ACTIVITY —
Could you copy the data that follows exactly as written, but drop the pictures?

RECORDED DATA —
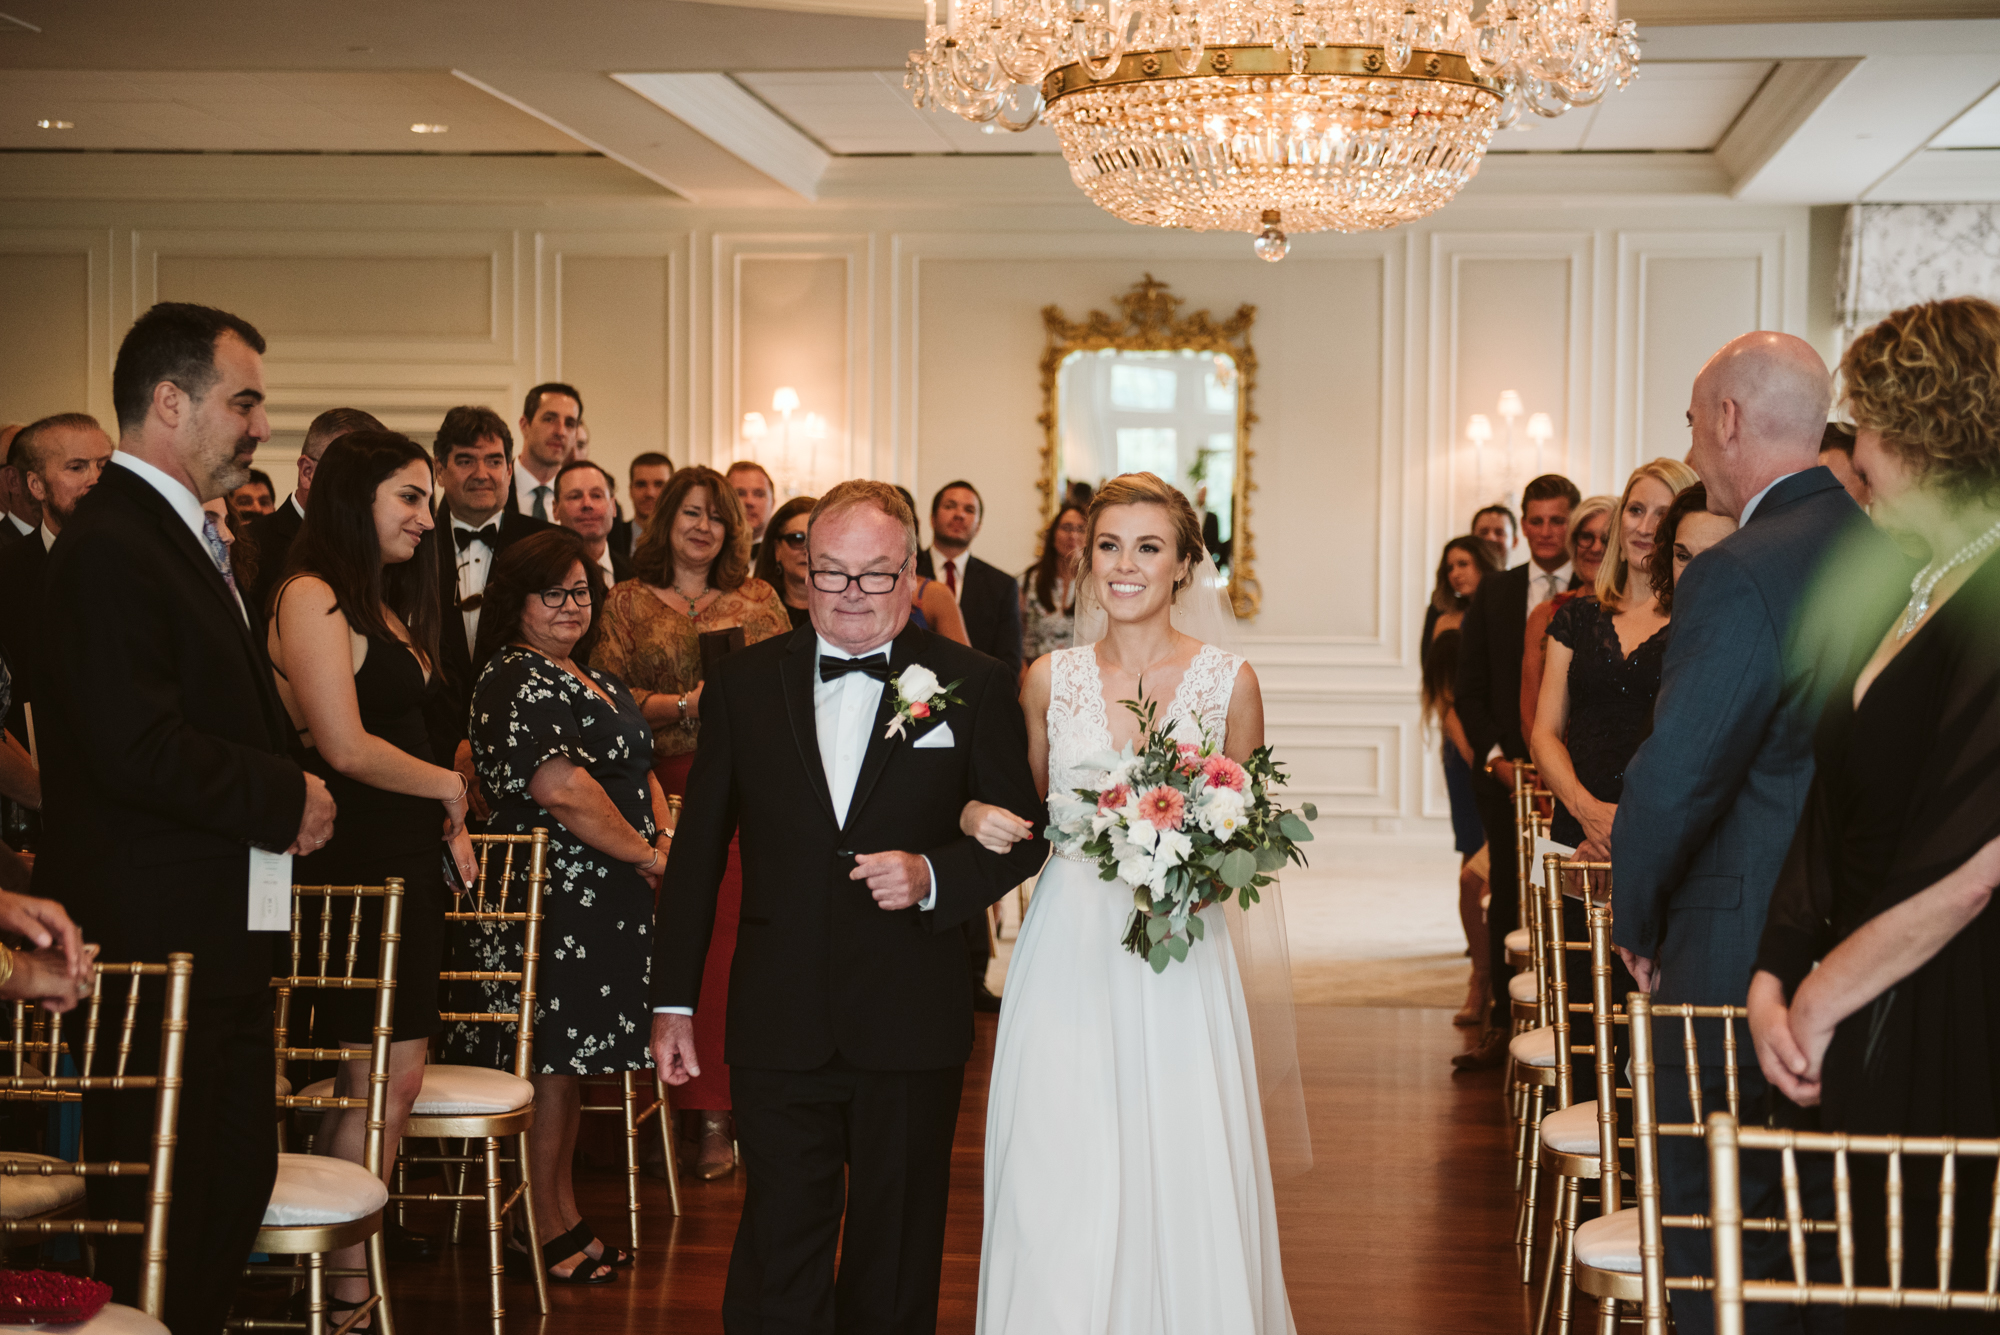 Elegant, Columbia Country Club, Chevy Chase Maryland, Baltimore Wedding Photographer, Classic, Traditional, Bride Walking Down Aisle with Her Father, BHLDN Wedding Dress
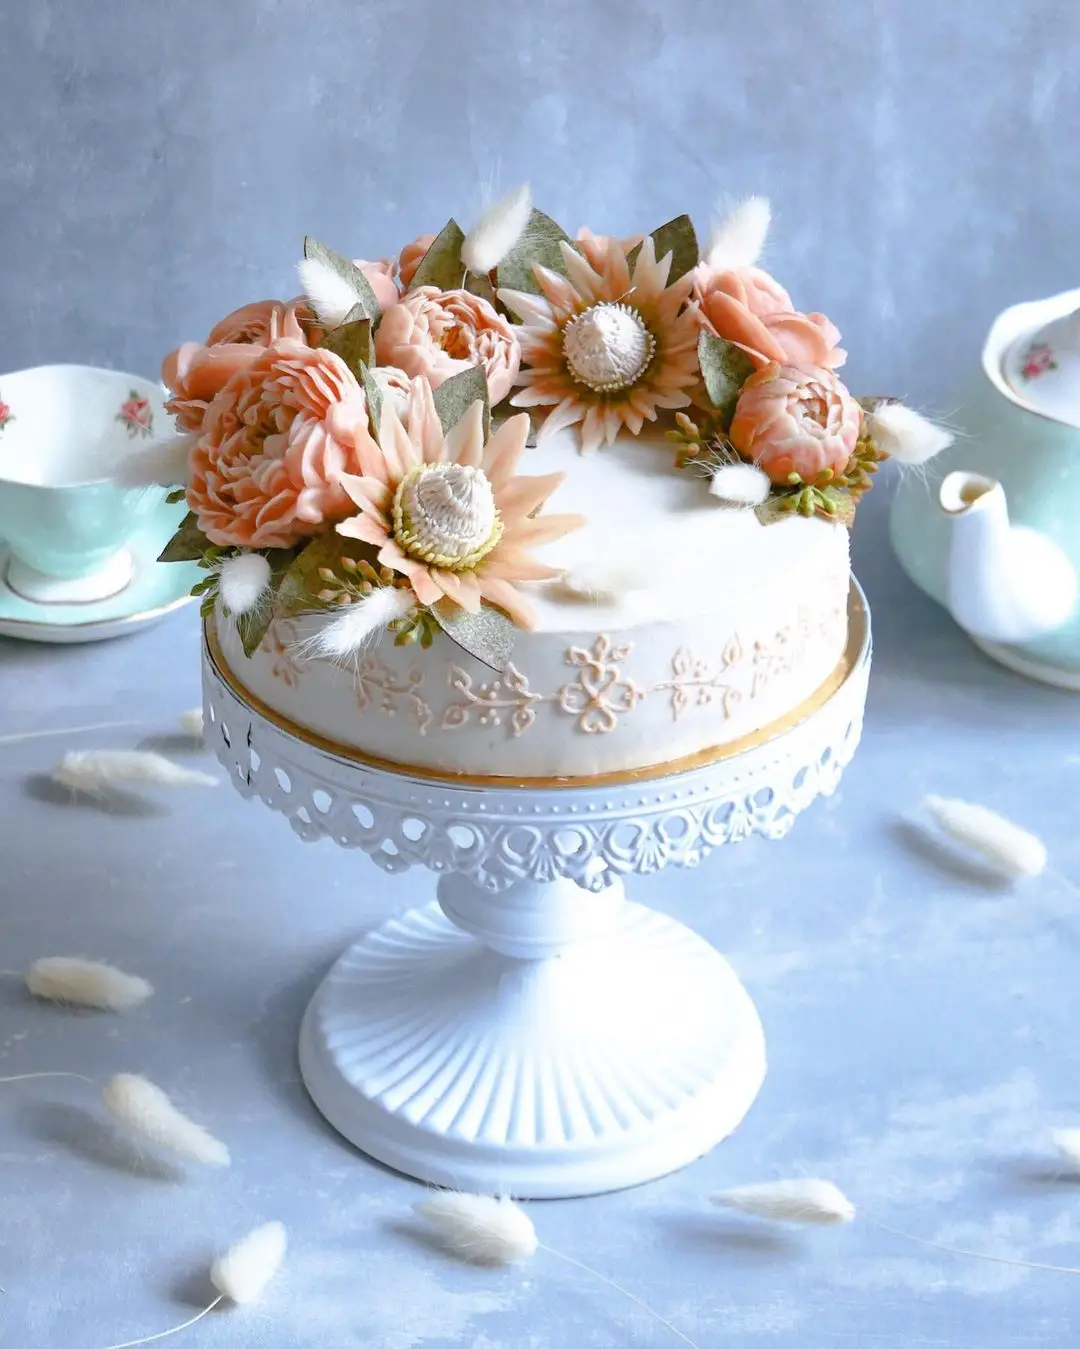 Unique Designs Thatll Give You Wedding Cake Inspiration ...
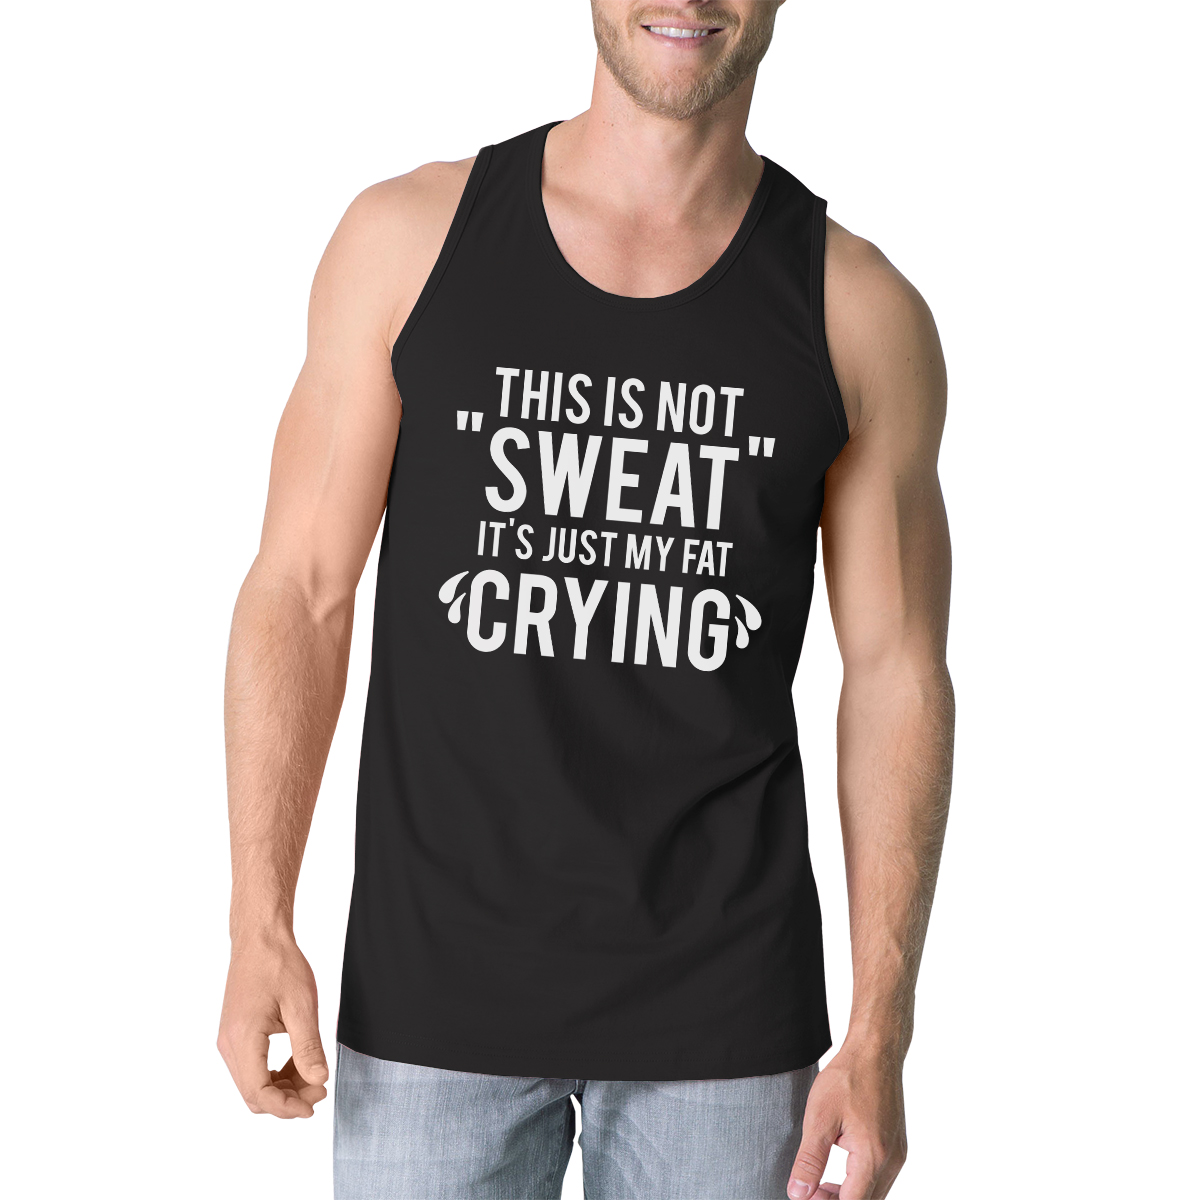 Fat Crying Mens Black Funny Graphic Gym Tank Top Humorous Tank Tops - image 1 of 4

OUTPUT OF THE TASK —
 Elegant, Columbia Country Club, Chevy Chase Maryland, Baltimore Wedding Photographer, Classic, Traditional, Bride Walking Down Aisle with Her Father, BHLDN Wedding Dress
 Unique Designs Thatll Give You Wedding Cake Inspiration ...
 Fat Crying Mens Black Funny Graphic Gym Tank Top Humorous Tank Tops - image 1 of 4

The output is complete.